The team is seeing these clues to Mars' atmospheric history with unexpected clarity.
For instance, MAVEN's Imaging Ultraviolet Spectrograph recorded an extended, if tenuous, envelope of hydrogen atoms around Mars that extends as far as 21,000 miles from the planet – easy pickings for stripping, because the atom is so light and thus is less tightly bound by the planet's gravity than is oxygen or carbon.
While MAVEN showed that Mars holds the upper atmosphere's inventory of carbon and oxygen much closer to its gravitational vest, the craft also revealed an extended envelope of oxygen above the sunlit hemisphere. This so-called hot oxygen has been energized through photochemical reactions that the sun's light triggers. Some of this extended oxygen gets stripped from Mars, as well.
“The quality of the data is better than we were expecting,” said Justin Deighan, a researcher at the University of Colorado at Boulder and one of the MAVEN scientists working with the craft's Imaging Ultraviolet Spectrograph. “The ability to see that high-altitude oxygen – we were hoping for it, but we could never have guessed how good that picture would come out.”
Since oxygen comes from the breakup of water and carbon dioxide molecules, “we need to understand it for a complete story of atmospheric escape from Mars,” he said.
MAVEN also returned a map of the distribution of ozone in the lower atmosphere above the planet's south pole. It's a key piece of the puzzle, the researchers say, because ozone is vulnerable to water vapor and sunlight, which break up ozone molecules.

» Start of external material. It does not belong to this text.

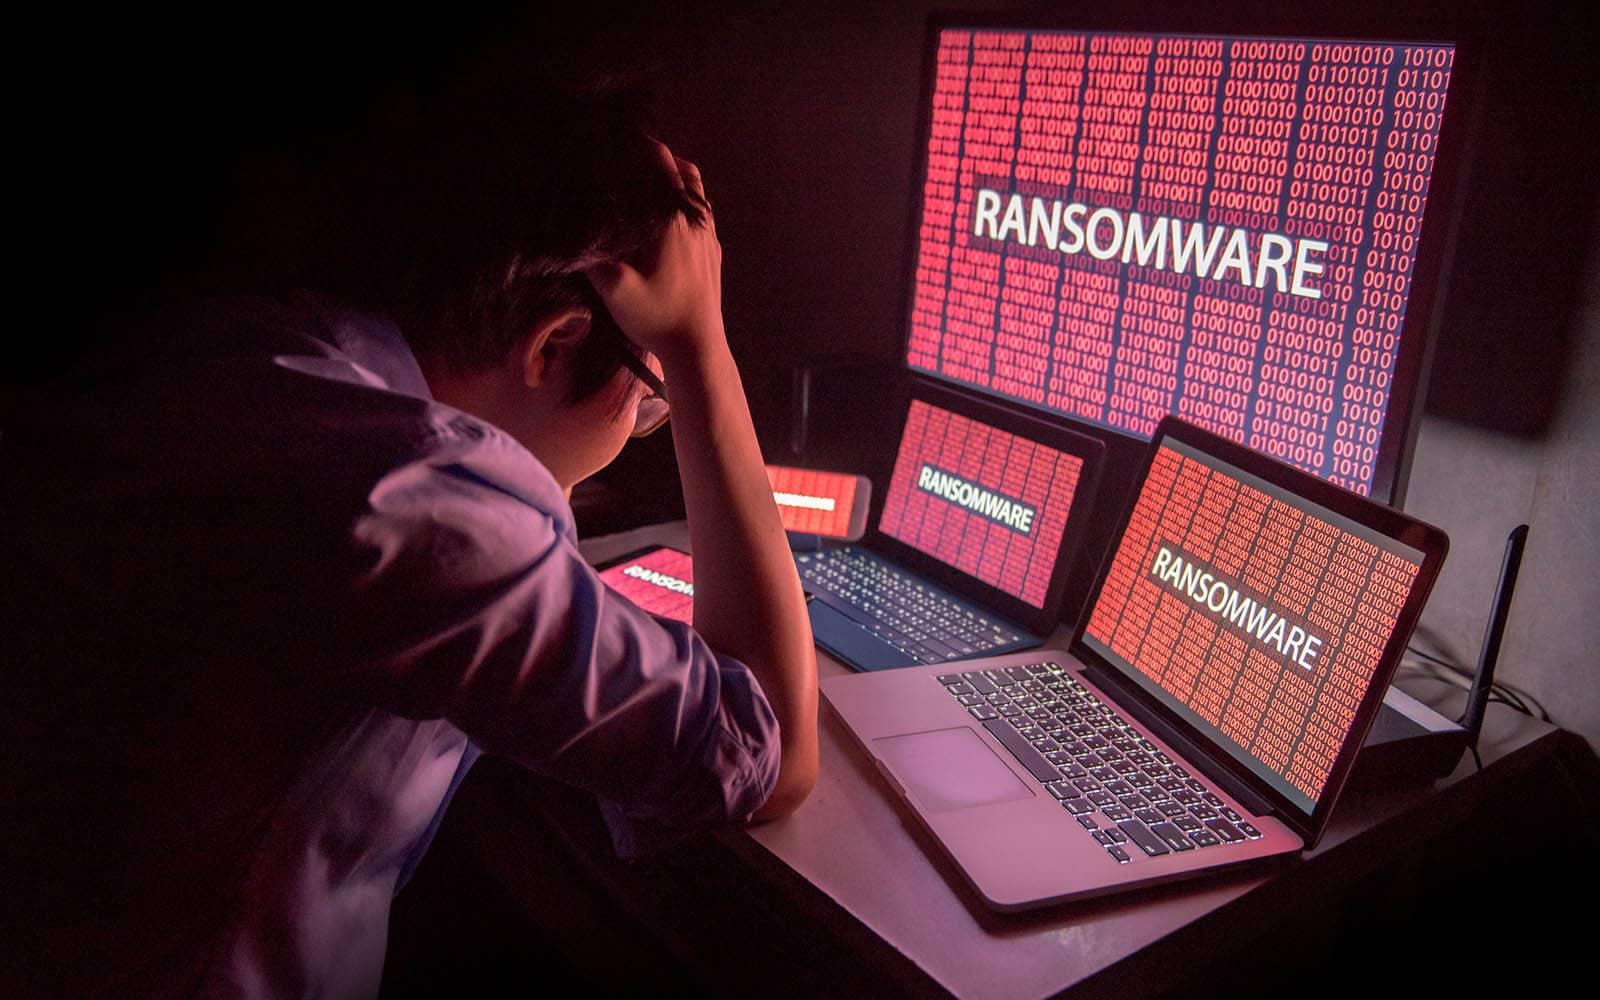 Ransomware, Ransomware attacks, Kroll, Bitcoin, Healthcare

The relative abundance of ozone shows the team “where water is and is not present,” Dr. Deighan explained, and it reveals the chemical processes taking place in the lower atmosphere. Those processes are responsible for breaking water up into its constituent atoms – the initial step of hydrogen and oxygen – and carrying them into the upper atmosphere, where they can be carried off into space.
Making such measurements simultaneously with measurements of the upper atmosphere several times a day over the next year “will allow us to understand how Mars' atmosphere is being lost today and, by extension, how much has been lost over the history of the solar system," he adds.